WHAT YOU HAVE TO DO
Would you repeat the listing below verbatim and drop the images?

RAW DATA

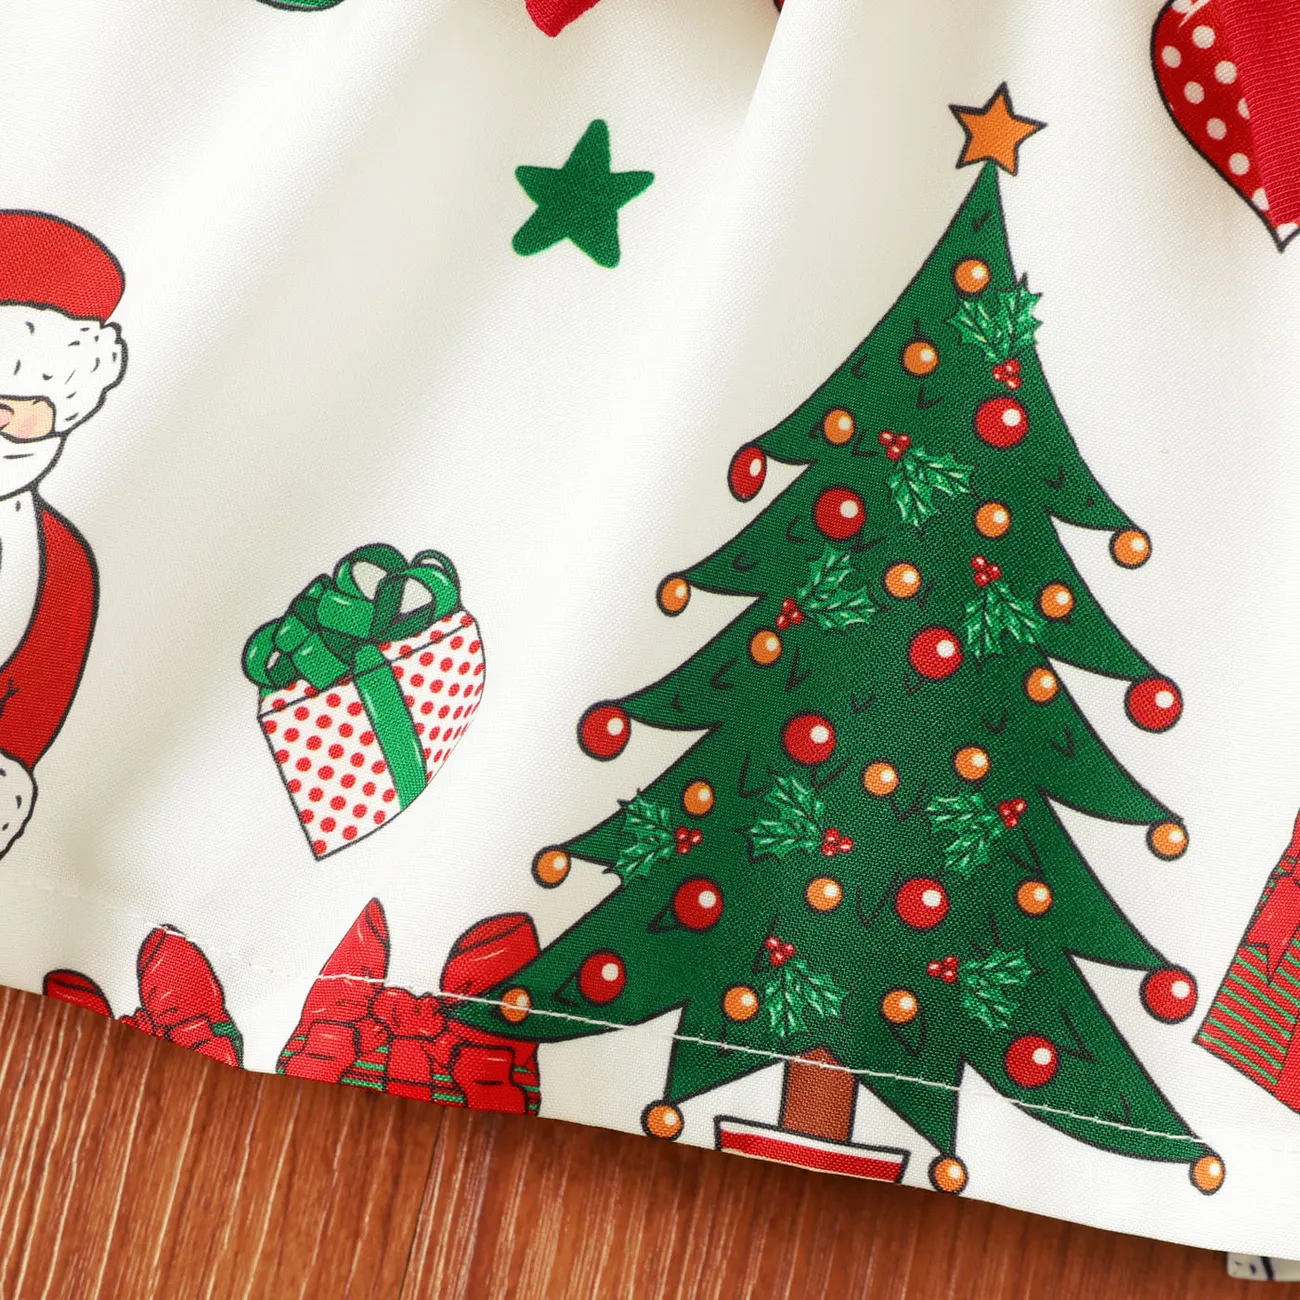 聖誕節 嬰兒 布料拼接 甜美 長袖 連衣裙 大红 big image 1
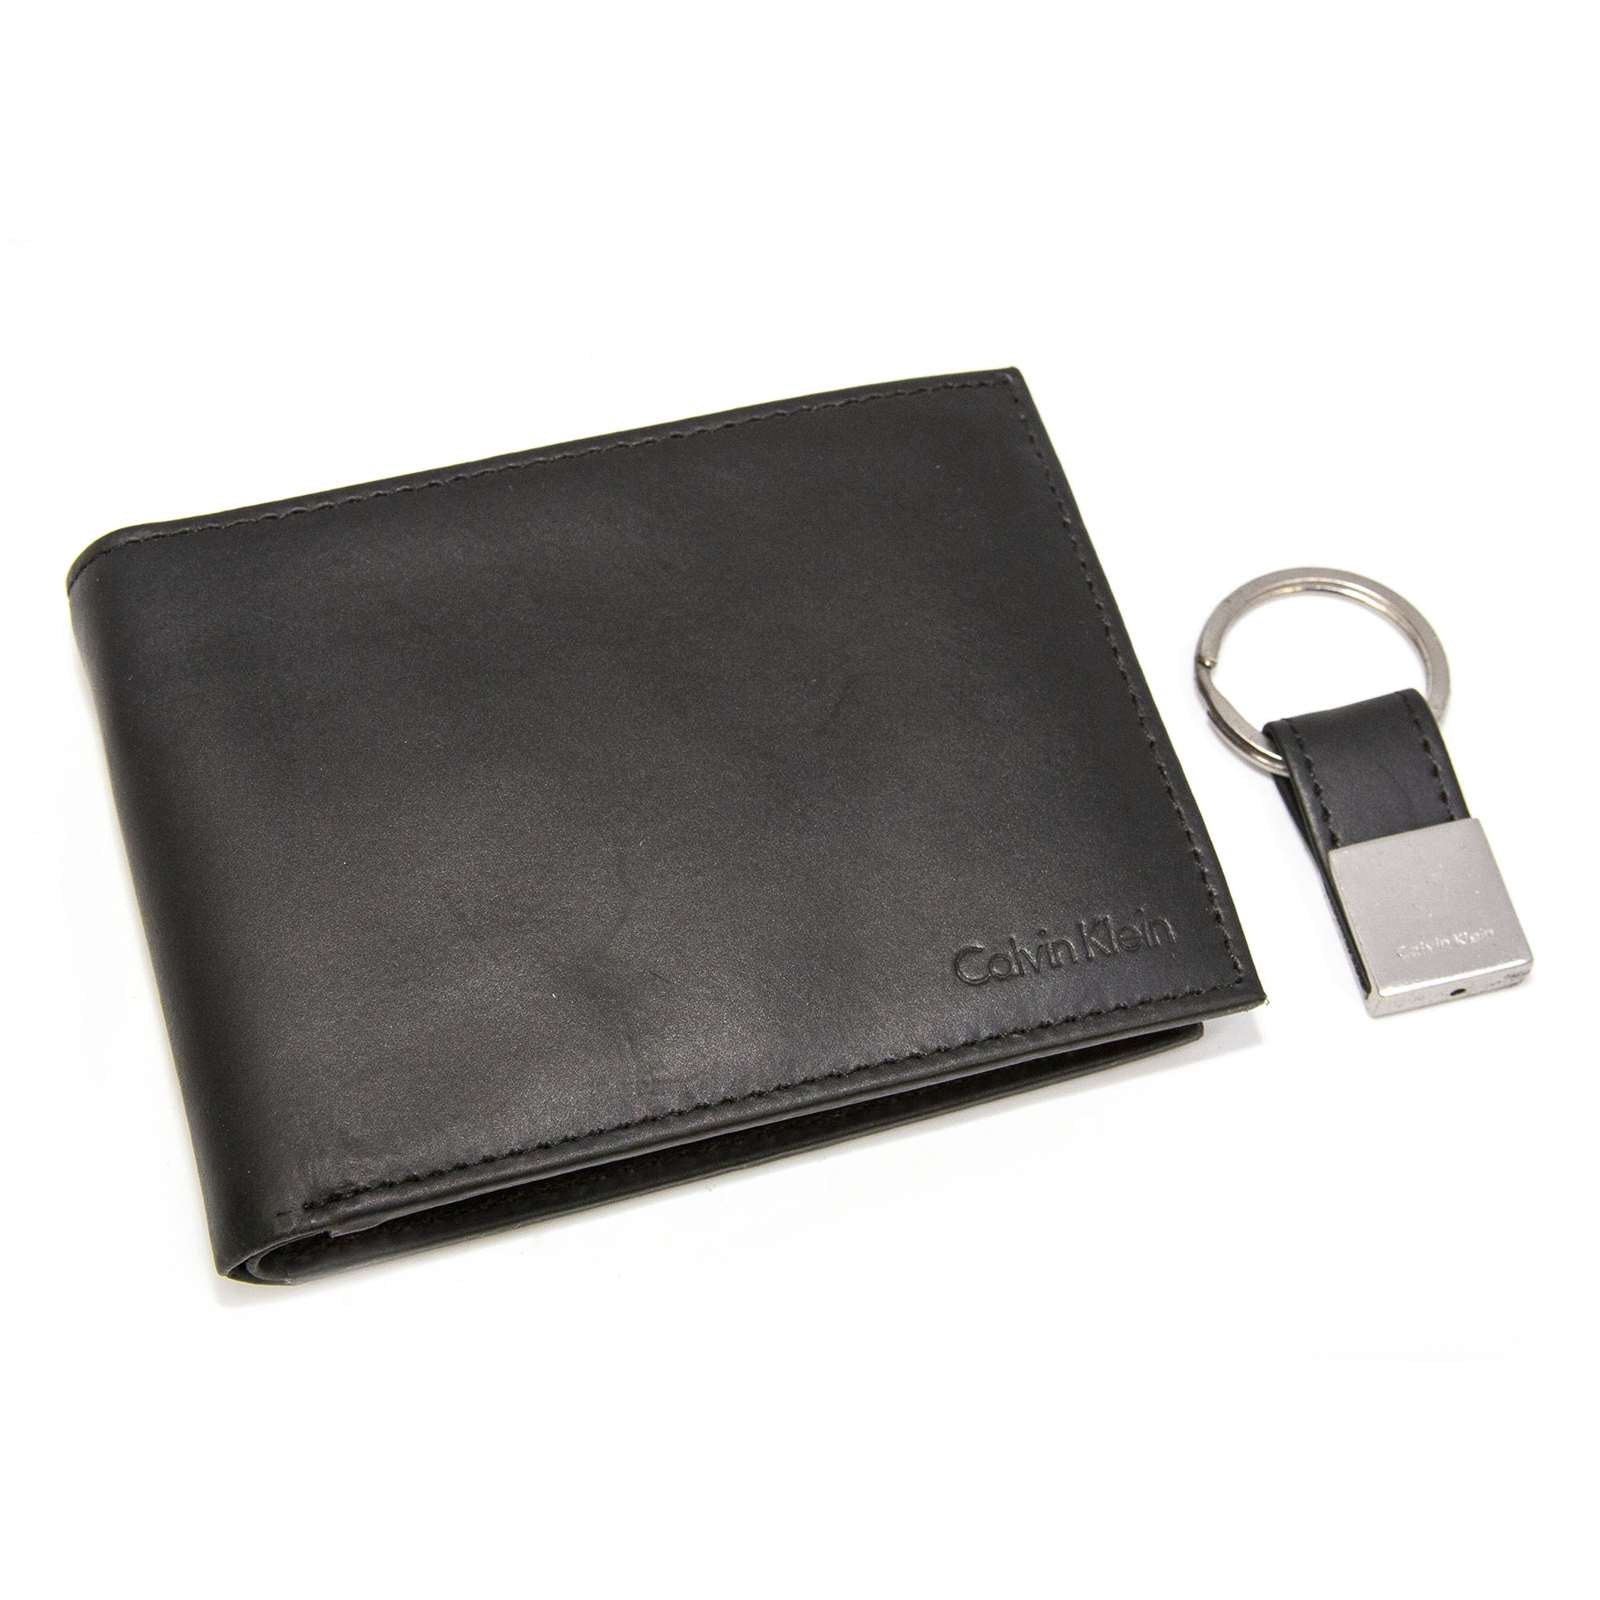 Calvin Klein Men Bookfold Wallet And Key Fob Set
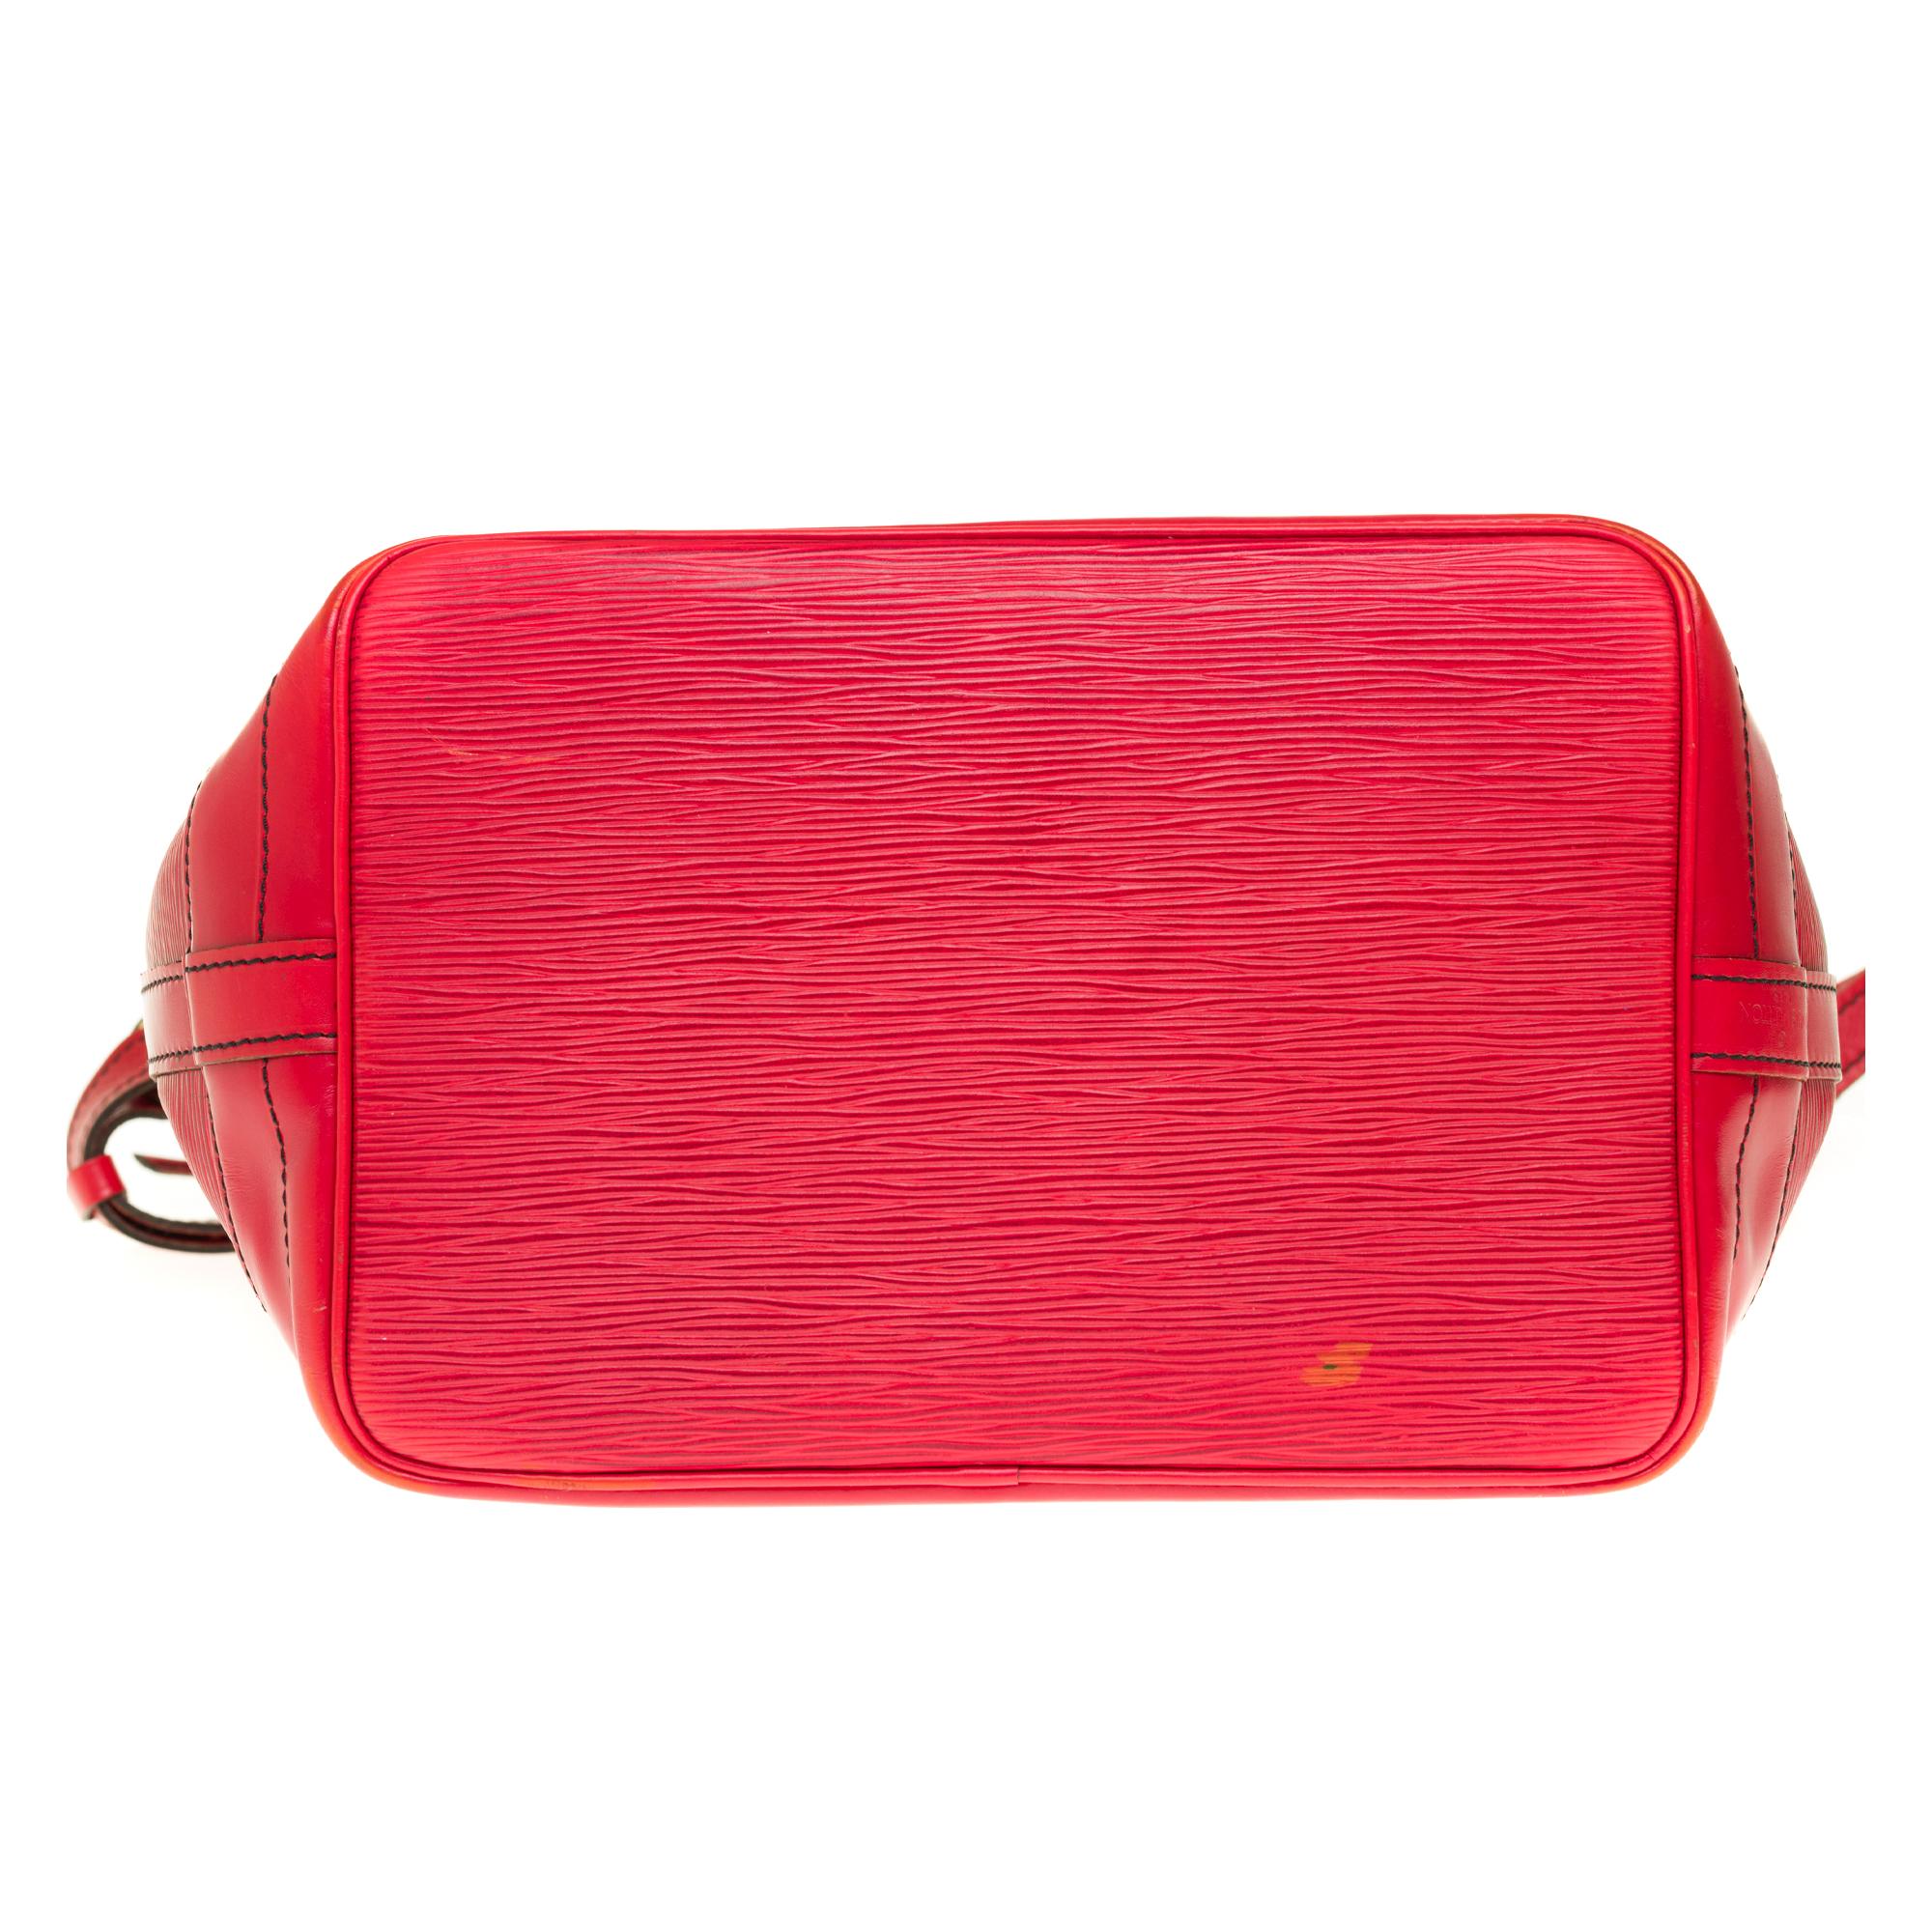 Louis Vuitton Noé Grand modele shoulder bag in red epi leather, gold hardware 4

EXPECTED ANSWER
 聖誕節 嬰兒 布料拼接 甜美 長袖 連衣裙 大红 big image 1
 Calvin Klein Men Bookfold Wallet And Key Fob Set
 Louis Vuitton Noé Grand modele shoulder bag in red epi leather, gold hardware 4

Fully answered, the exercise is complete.